# Simple hold-out validation
Simply set appart some fraction of the data set as the test set. Train on the remaining data and evaluate on the test set. 

IMPORTANT: to prevent *information leaks* to the NN, the model mustn't be tuned based on the test set, so a good practice is to *also* reserve a validation set.

In [None]:
num_validation_samples = 10000

Shuffle is usually appropriate (except when time is an important feature!)

In [None]:
np.random.shuffle(data)

Defines validation and training set:

In [None]:
validation_data = data[:num_validation_samples]
data = data[num_validation_samples:]

training_data = data[:]

Trains the model on the training data, and evaluates it on the validation data:

In [None]:
model = get_model()
model.train(training_data)
validation_score = model.evaluate(validation_data)
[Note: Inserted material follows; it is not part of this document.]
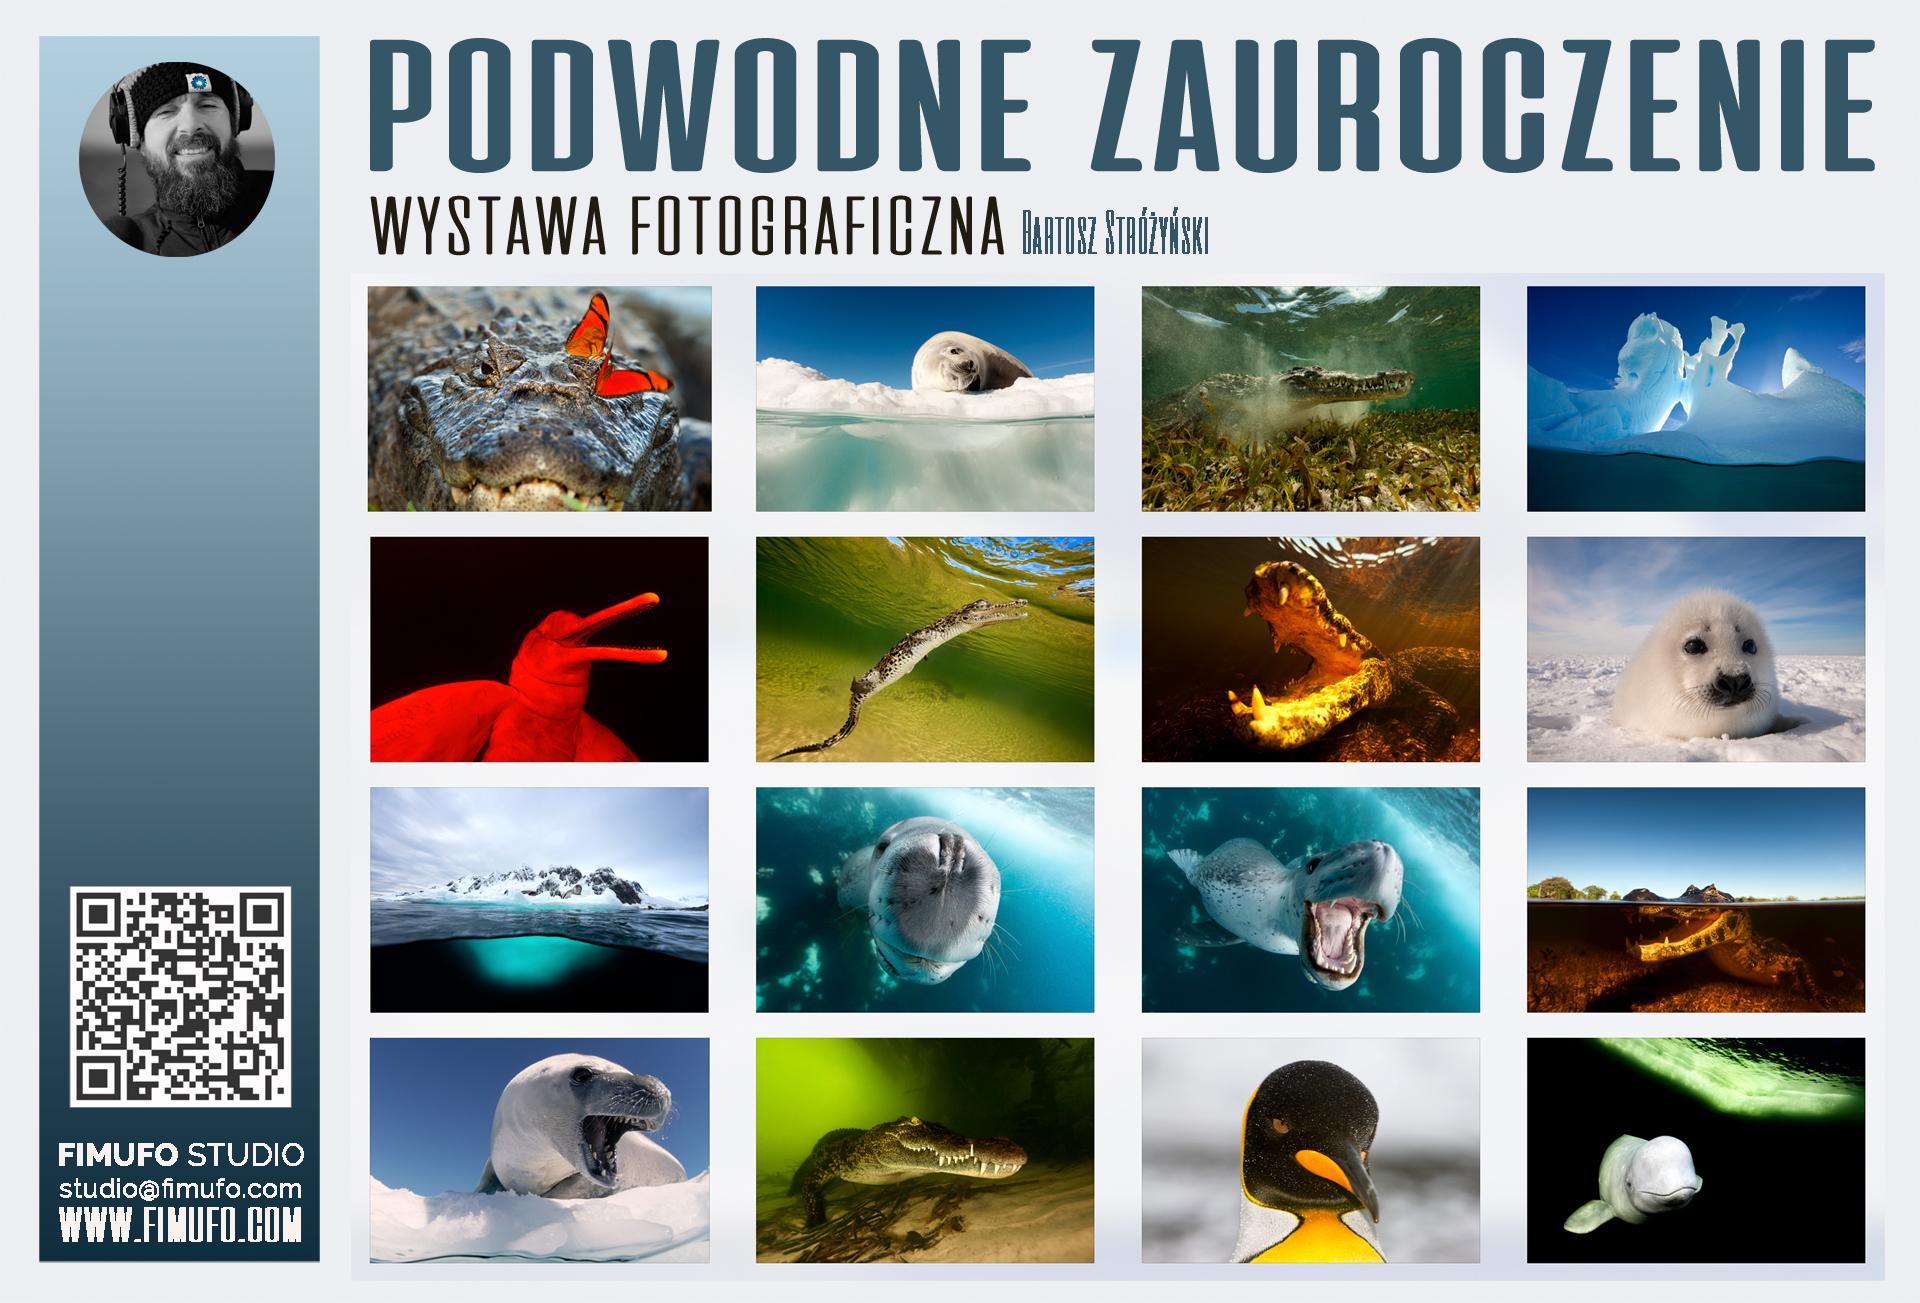 Nowa wystawa Podwodne Zaurocznie Bartosz Strozynski

# At this point you can tune your model,
# retrain it, evaluate it, tune it again...
# using, as discussed, the validation set

Once the hyperparameters are turned, it's common to train the final model from scratch on all non-test data available

In [None]:
model = get_model()
model.train(np.concatenate([training_data,
                        validation_data]))

test_score = model.evaluate(test_data)

**Overview**

This is a very simple evaluation protocol that suffers from one flaw: if little data is available, the the validation and test sets may contain too few examples. This problem is easy to stop: if different random shuffling round of the data before splitting end up yielding very different measures of model performance, is safe to assume the sets are too small. The solutions are discussed next:

# K-fold validation

The steps as:
- split your data into K partitions of equal size. 
- For each partition i , train a model on the remaining K – 1 partitions, and evaluate it on partition i .
- Calculate the final score as the averages of the K scores obtained

In [None]:
k = 4
num_validation_samples = len(data) // k

np.random.shuffle(data)

validation_scores = []
for fold in range(k):
    validation_data = data[num_validation_samples * fold:
    num_validation_samples * (fold + 1)]
    training_data = data[:num_validation_samples * fold] +
        data[num_validation_samples * (fold + 1):]
        
    model = get_model()
    model.train(training_data)
    validation_score = model.evaluate(validation_data)
    validation_scores.append(validation_score)

validation_score = np.average(validation_scores)
model = get_model()
model.train(data)
test_score = model.evaluate(test_data)

### Iterated K-fold valdiation with shuffling
When there's relatively little data available, a good practice is to apply K-fold validation multiple times, shuffling the data every time *before* splitting in *K* ways.

The final score is the average of the scores obtained at each run of K-fold validation.

This can be expensive, as it involves training and evaluation *P x K* models (where *P* is the number of iterations used).

**IMPORTANT:** If the objective is to predict the future given the past, we must *NOT* randomly shuffle the data before splitting -> temporal leak!